Primeira Parte – Separação

“Qualquer observador da história e da cultura adventista do sétimo dia sabe que o estilo de vida adventista não é mais o que era. Já que tudo o que acontece tem uma causa, deveríamos assumir que as mudanças no estilo de vida surgiram a partir de convicções mais profundas, sejam teológicas ou relacionadas com a experiência. Em consequência começarei, na primeira parte, por revelar algumas causas por trás da separação teológica e prática que existe entre o estilo de vida e a salvação, o qual resulta na crescente secularização do estilo de vida adventista”. (p. 21)


Capítulo 1 – A Secularização do Adventismo

O que é estilo de vida?

“O dicionário Oxford diz que ‘estilo de vida é a forma na qual vive uma pessoa’. […] O significado da expressão ‘estilo de vida’, então, é claro. Refere-se à forma que vivemos nossa vida cada dia. Por outro lado, a forma que vivemos a nossa vida é a forma como somos como pessoas e como cristãos”. (p. 23)

“Contudo, muitos adventistas, seguindo uma convicção cristã generalizada, diferenciam entre ‘vida espiritual’ e estilo de vida. De acordo com este ponto de vista, nossa ‘vida espiritual’ (a vida cristã) é diferente e não se relaciona com os assuntos comuns e sem importância da vida cotidiana (estilo de vida)”. (p. 23)

A secularização do estilo de vida adventista

“Um crescente número de adventistas estão adotando estilos de vida mundanos. Não tenho estatísticas ou estudos científicos para apoiar esta afirmação.
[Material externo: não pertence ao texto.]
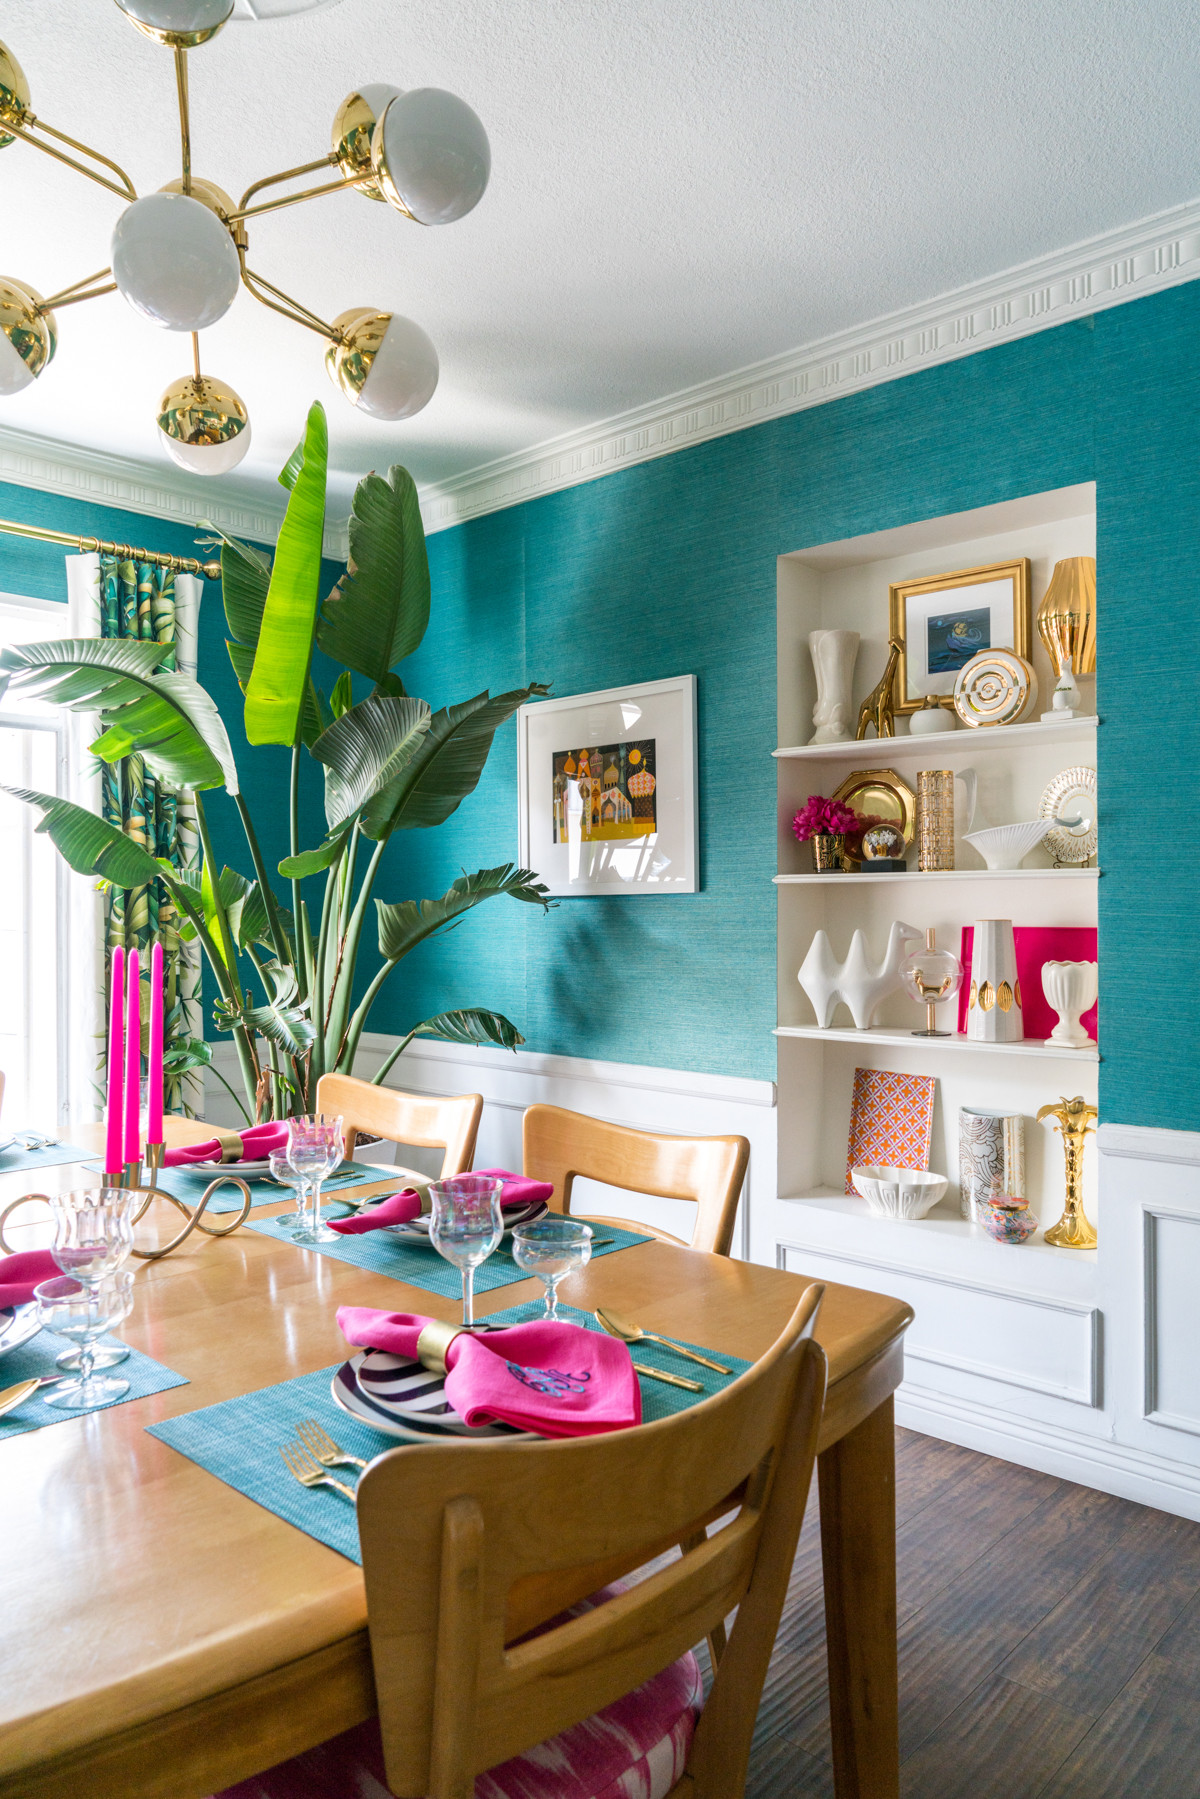 75 Beautiful Small Dining Room Pictures & Ideas | Houzz

Só tenho uma série de observações pessoais durante os últimos 40 anos. […] Contudo, compartilharei minha percepção parcial e limitada da secularização do estilo de vida adventista para fundamentar que nós temos um problema que necessita atenção teológica e pastoral”. (p. 24)

“Devido às divisões teológicas que operam atualmente no adventismo, antecipo que alguns dos leitores verão a secularização do estilo de vida adventista como um progresso ‘espiritual’ que deveríamos celebrar, ao invés de corrigir voltando à Bíblia. […] Ao ter a segurança da salvação, alguns adventistas não compreendem a necessidade de viver uma vida cristã e renunciar aos seus estilos de vida seculares. Pensam honestamente que são adventistas e cristãos muito bons”. (p. 24) [1]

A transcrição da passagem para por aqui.